**DATA SECTION**
■ ■ ■ ■

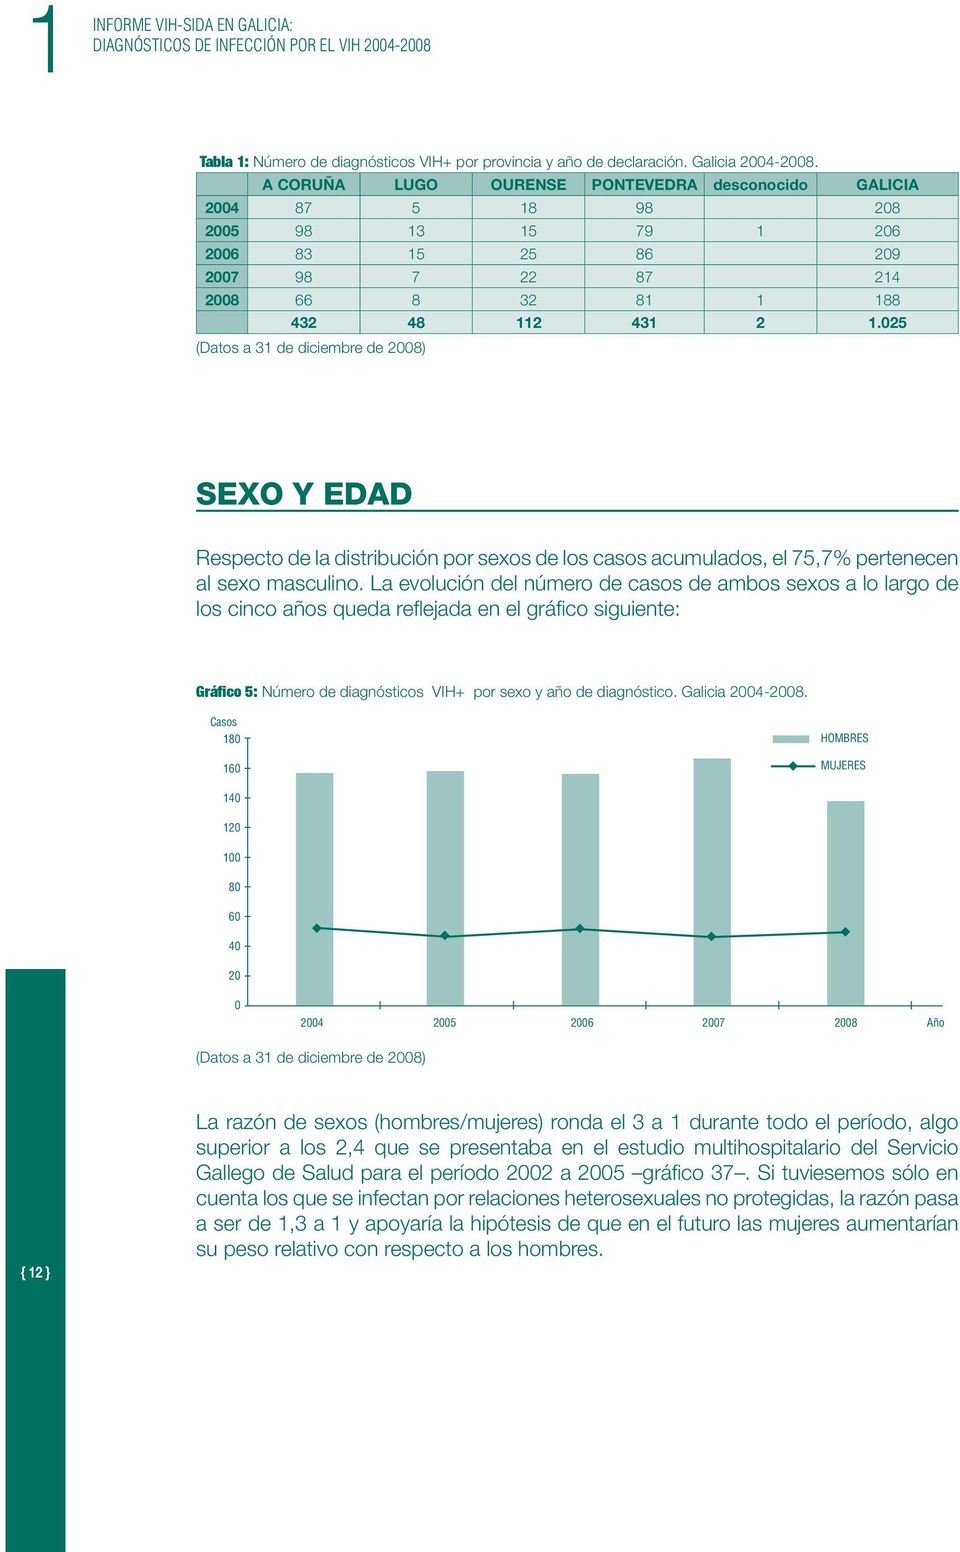 25 SEXO Y EDAD Respecto de la distribución por sexos de los casos acumulados, el 75,7% pertenecen al sexo masculino.
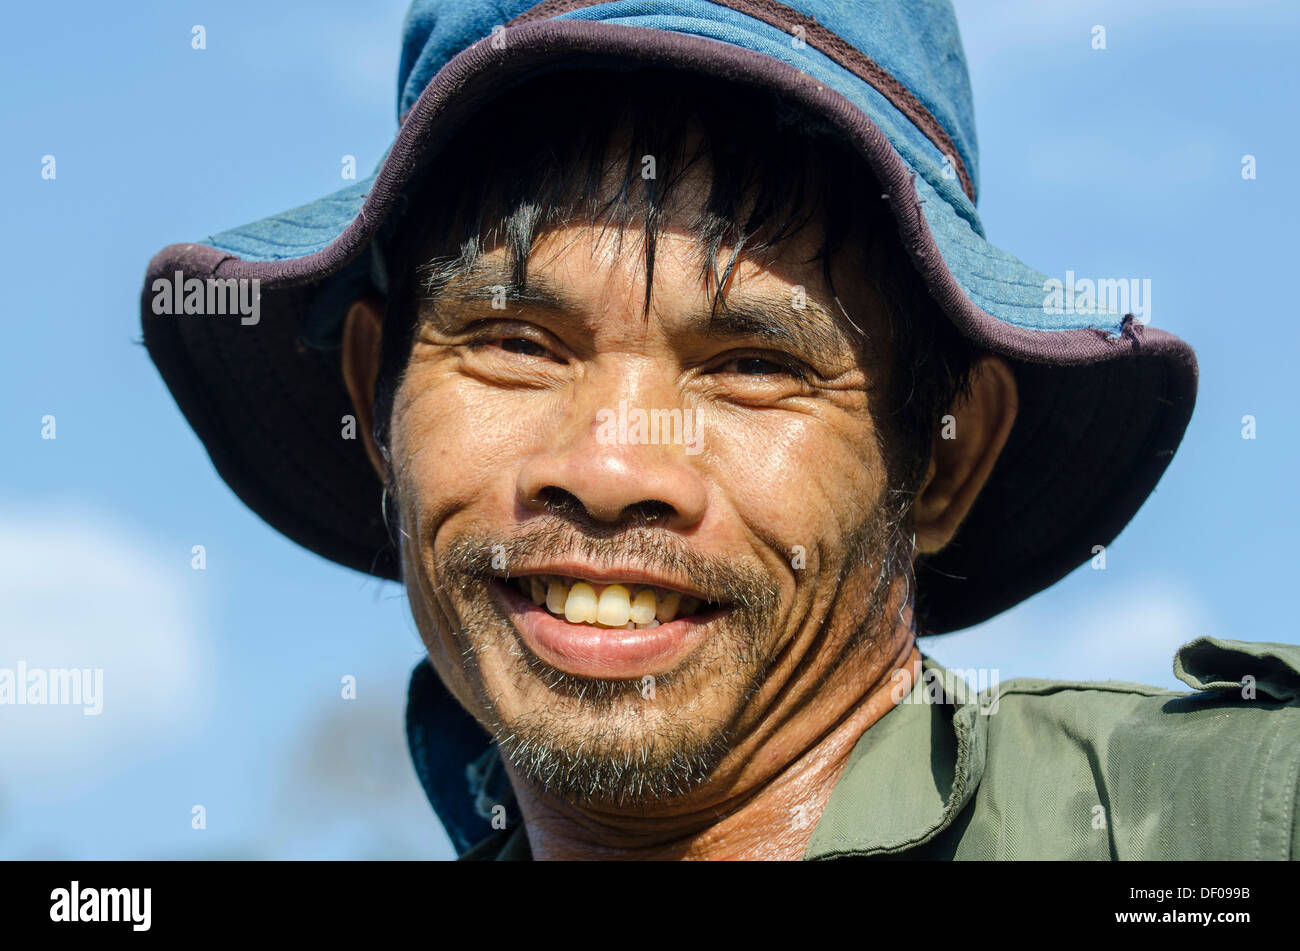 L'homme de la Shan ou Thai Yai minorité ethnique, portrait, Soppong ou Pang Mapha, région nord de la Thaïlande, la Thaïlande, l'Asie Banque D'Images
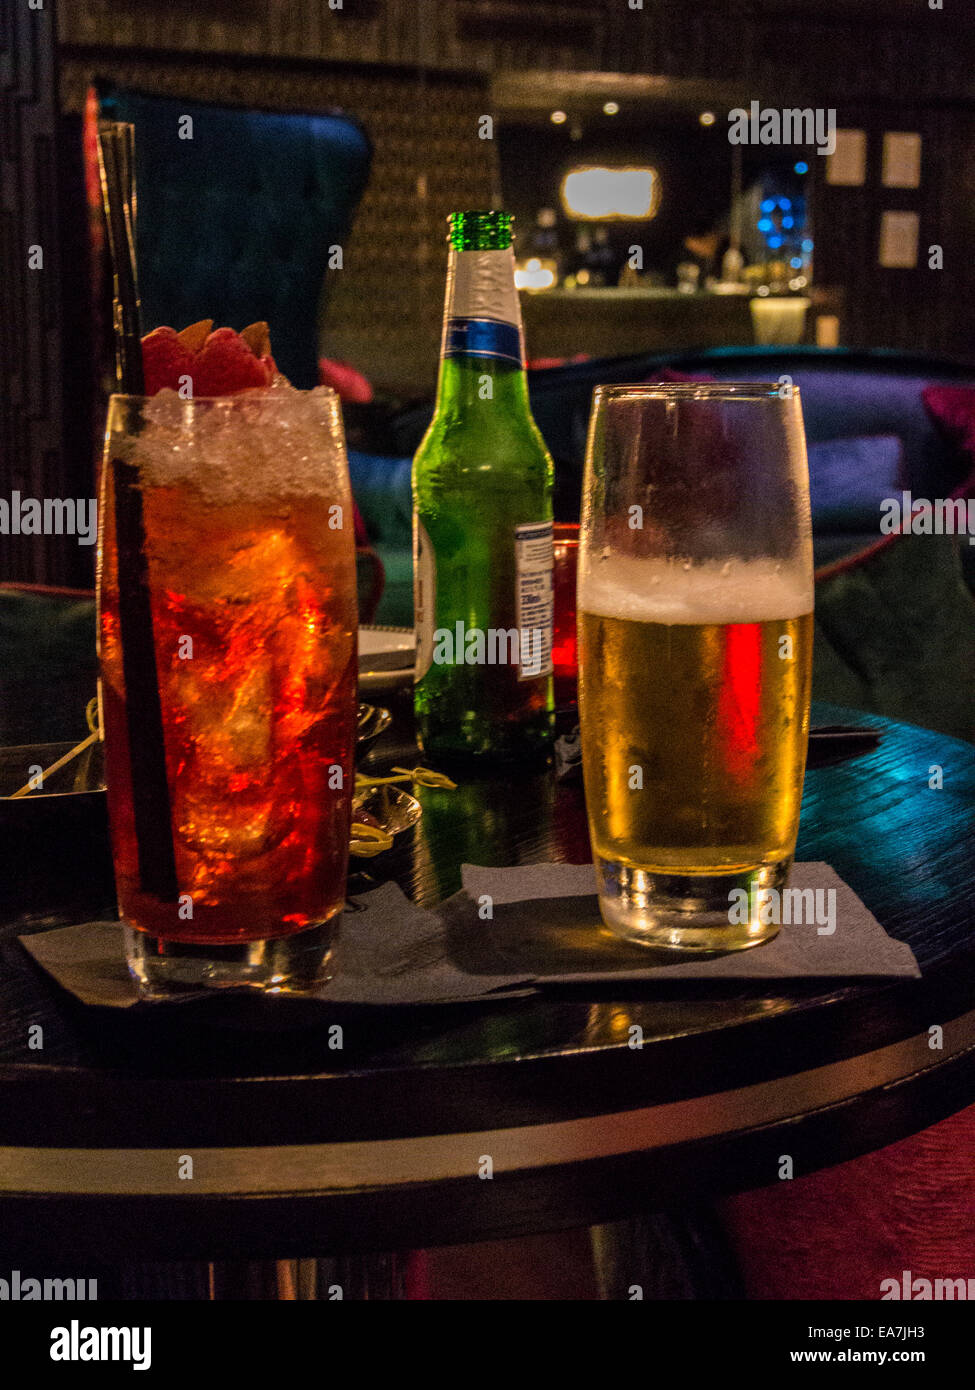 Des cocktails en soirée, Close up d'un Cocktail marocain rempli de glace concassée et garni de framboises rempli d'amandes. Banque D'Images
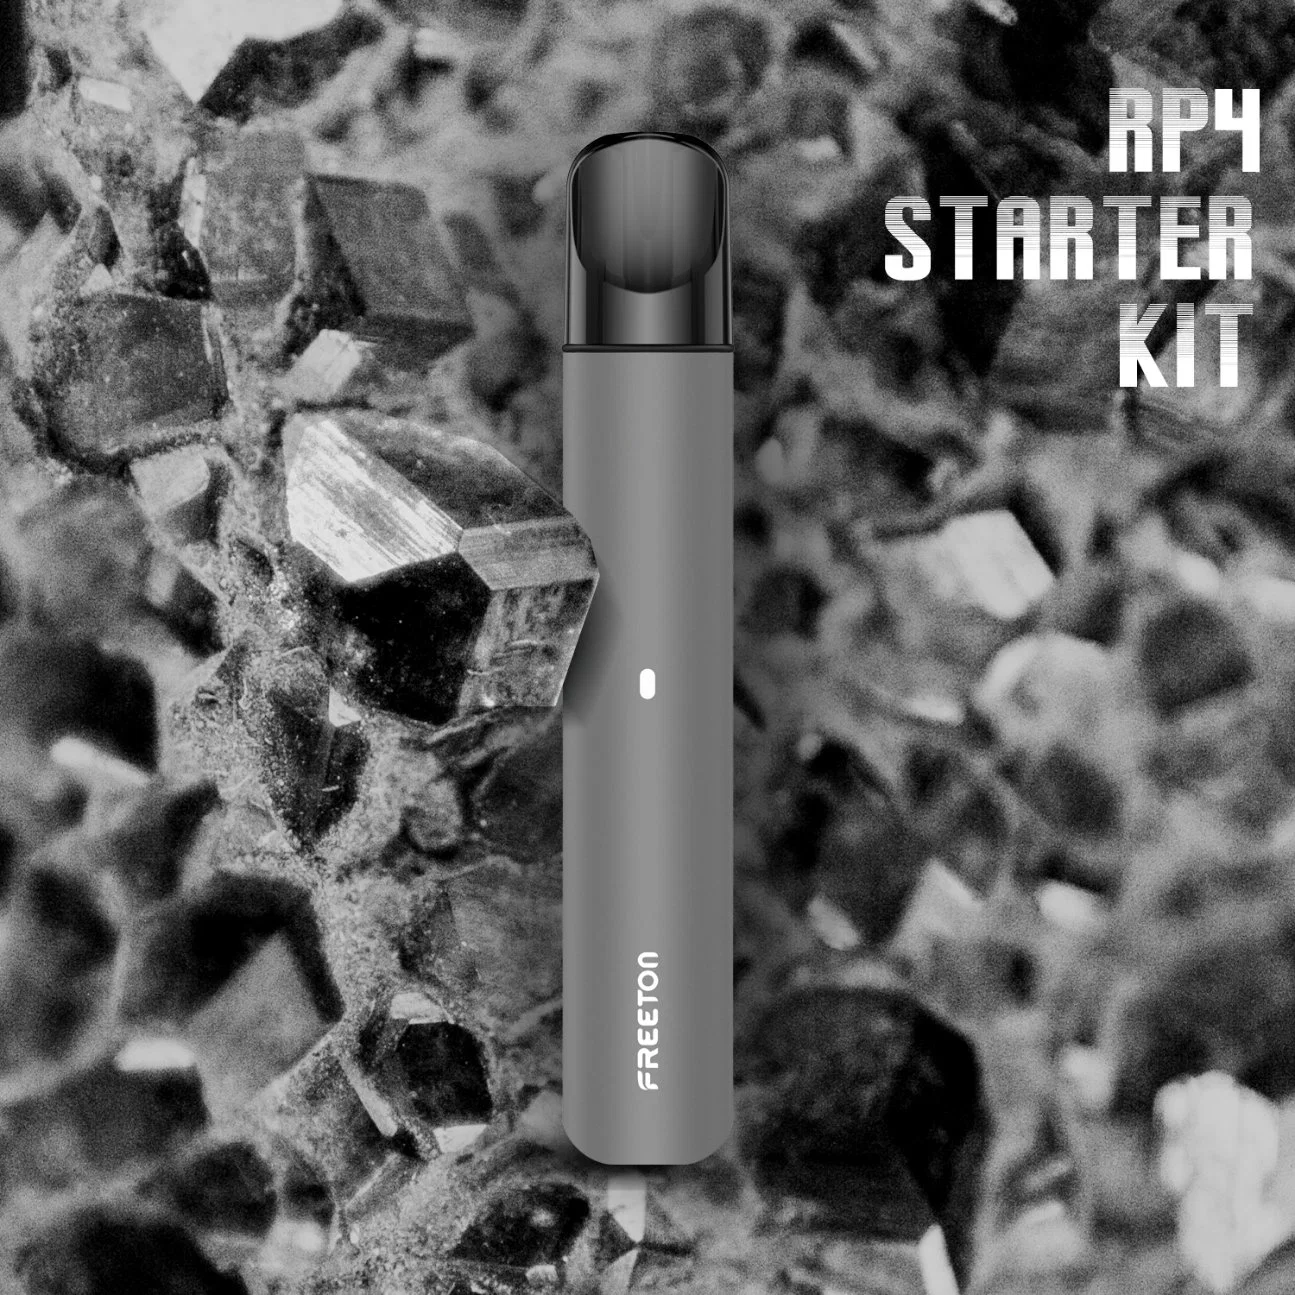 Freeton RP4 Starter Kit Disposable Device E Cigarette Vapor 350mAh 2ml Replaceable Cartridge

■ ■ ■ ■

**EXERCISE OBJECTIVE**
Take the lines from the one containing "L'homme de la" through the last line of the listing and repeat them exactly. Omit the pictures.

**ANSWER SECTION**
 L'homme de la Shan ou Thai Yai minorité ethnique, portrait, Soppong ou Pang Mapha, région nord de la Thaïlande, la Thaïlande, l'Asie Banque D'Images
 Des cocktails en soirée, Close up d'un Cocktail marocain rempli de glace concassée et garni de framboises rempli d'amandes. Banque D'Images
 Freeton RP4 Starter Kit Disposable Device E Cigarette Vapor 350mAh 2ml Replaceable Cartridge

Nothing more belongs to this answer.